PROVIDED DATA =
• • • •

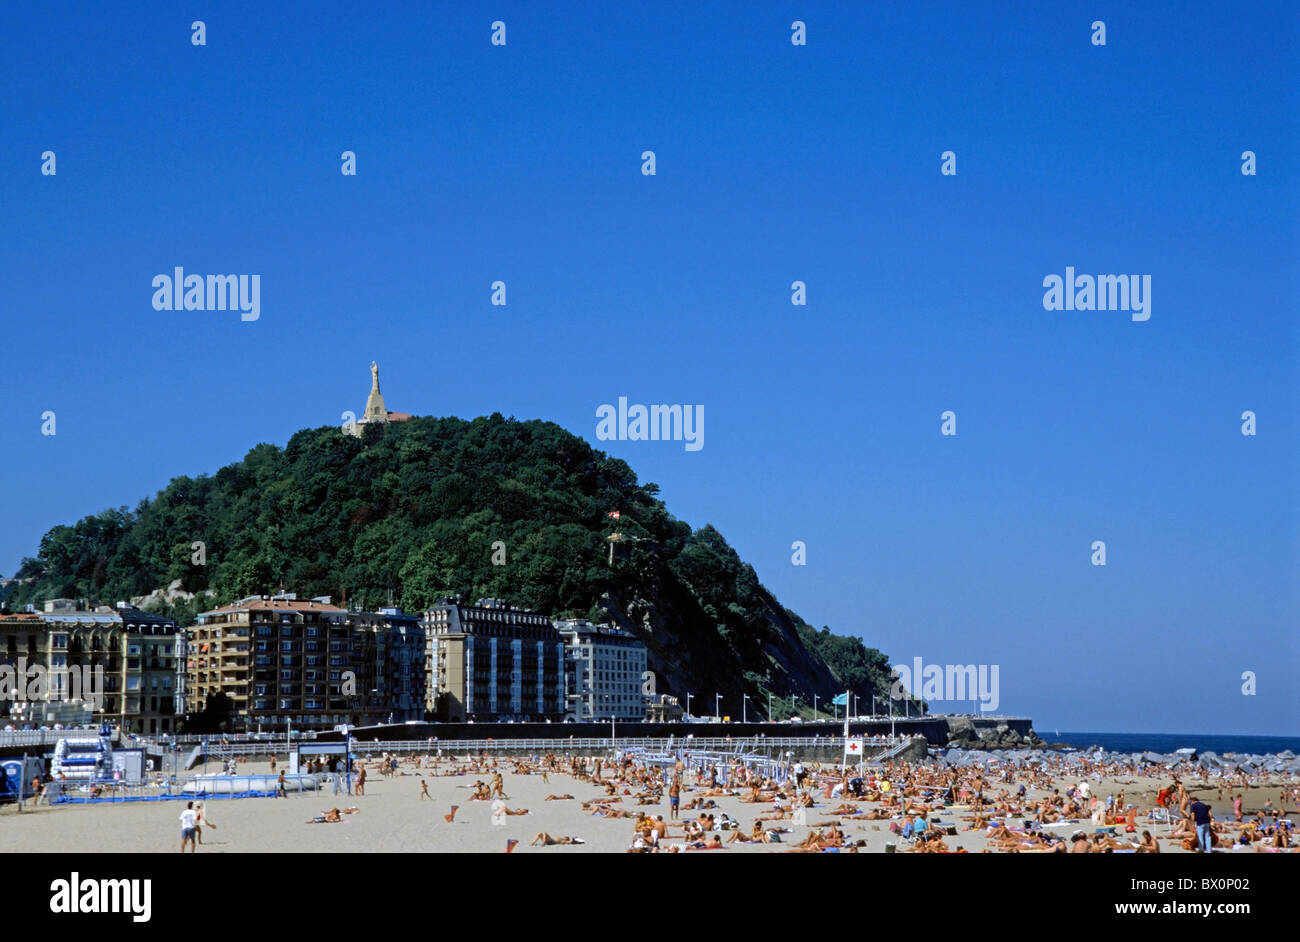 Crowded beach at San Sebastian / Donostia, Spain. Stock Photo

• • • •

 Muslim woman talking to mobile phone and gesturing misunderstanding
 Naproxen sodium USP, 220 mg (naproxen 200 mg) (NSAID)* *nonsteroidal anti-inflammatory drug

• • • •

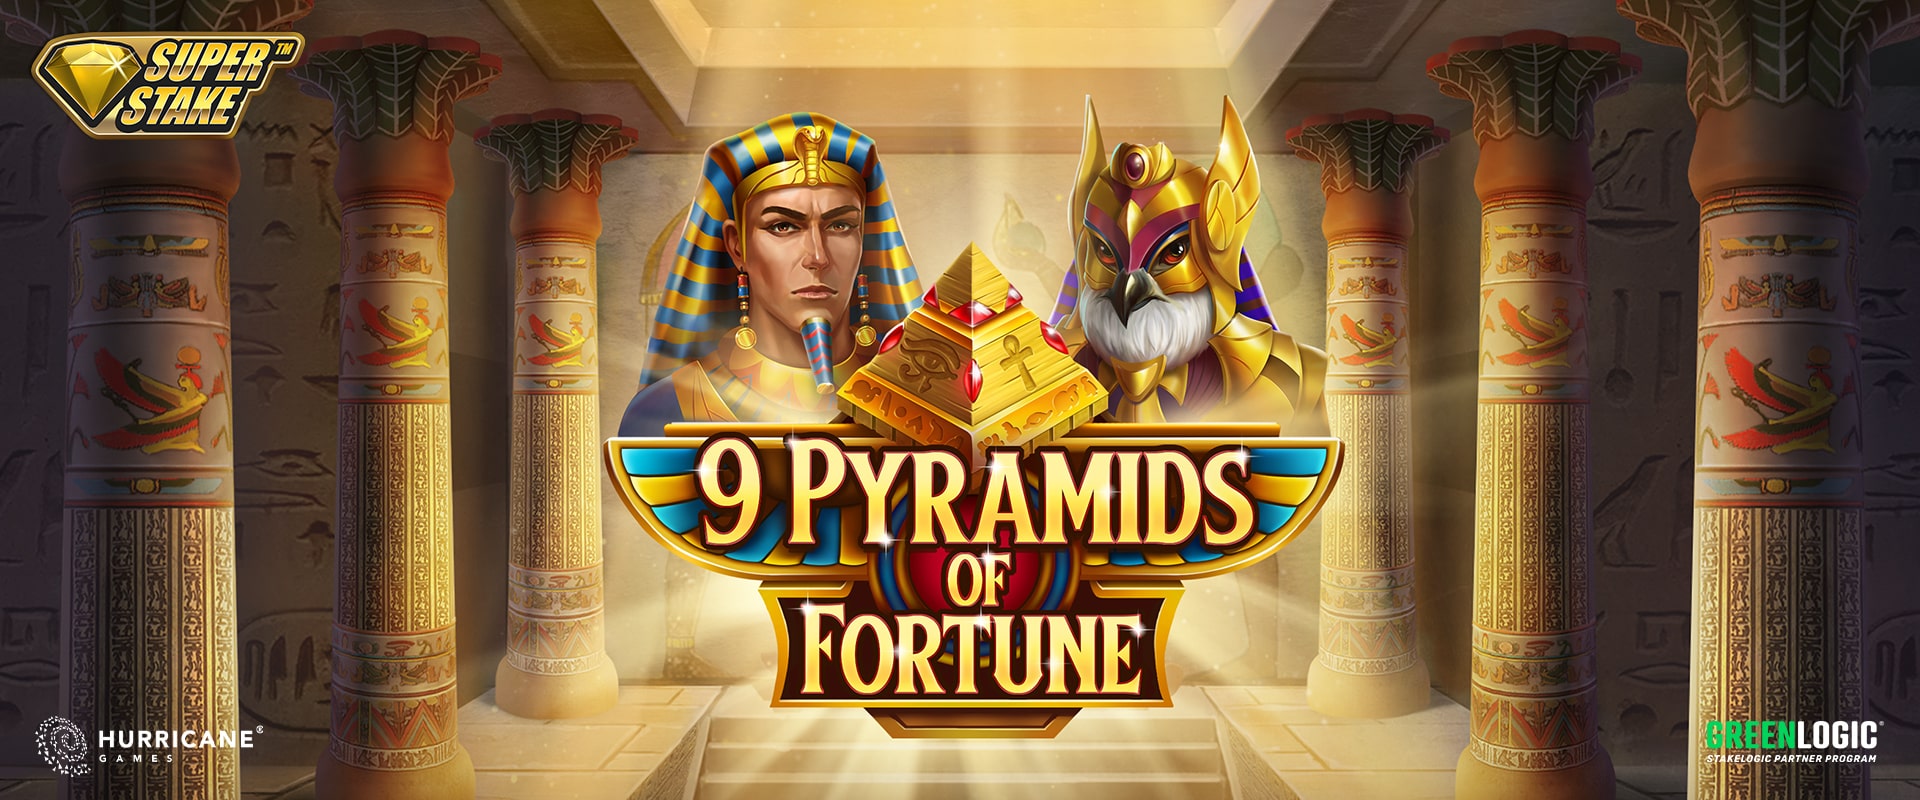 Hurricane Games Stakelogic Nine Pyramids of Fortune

• • • •

GOAL OF THE EXERCISE = Set down only the lines above that fall between the line holding "Muslim woman talking" and the line holding "Naproxen sodium USP, 220", inclusive, keeping each exact.

EXERCISE RESPONSE =
 Muslim woman talking to mobile phone and gesturing misunderstanding
 Naproxen sodium USP, 220 mg (naproxen 200 mg) (NSAID)* *nonsteroidal anti-inflammatory drug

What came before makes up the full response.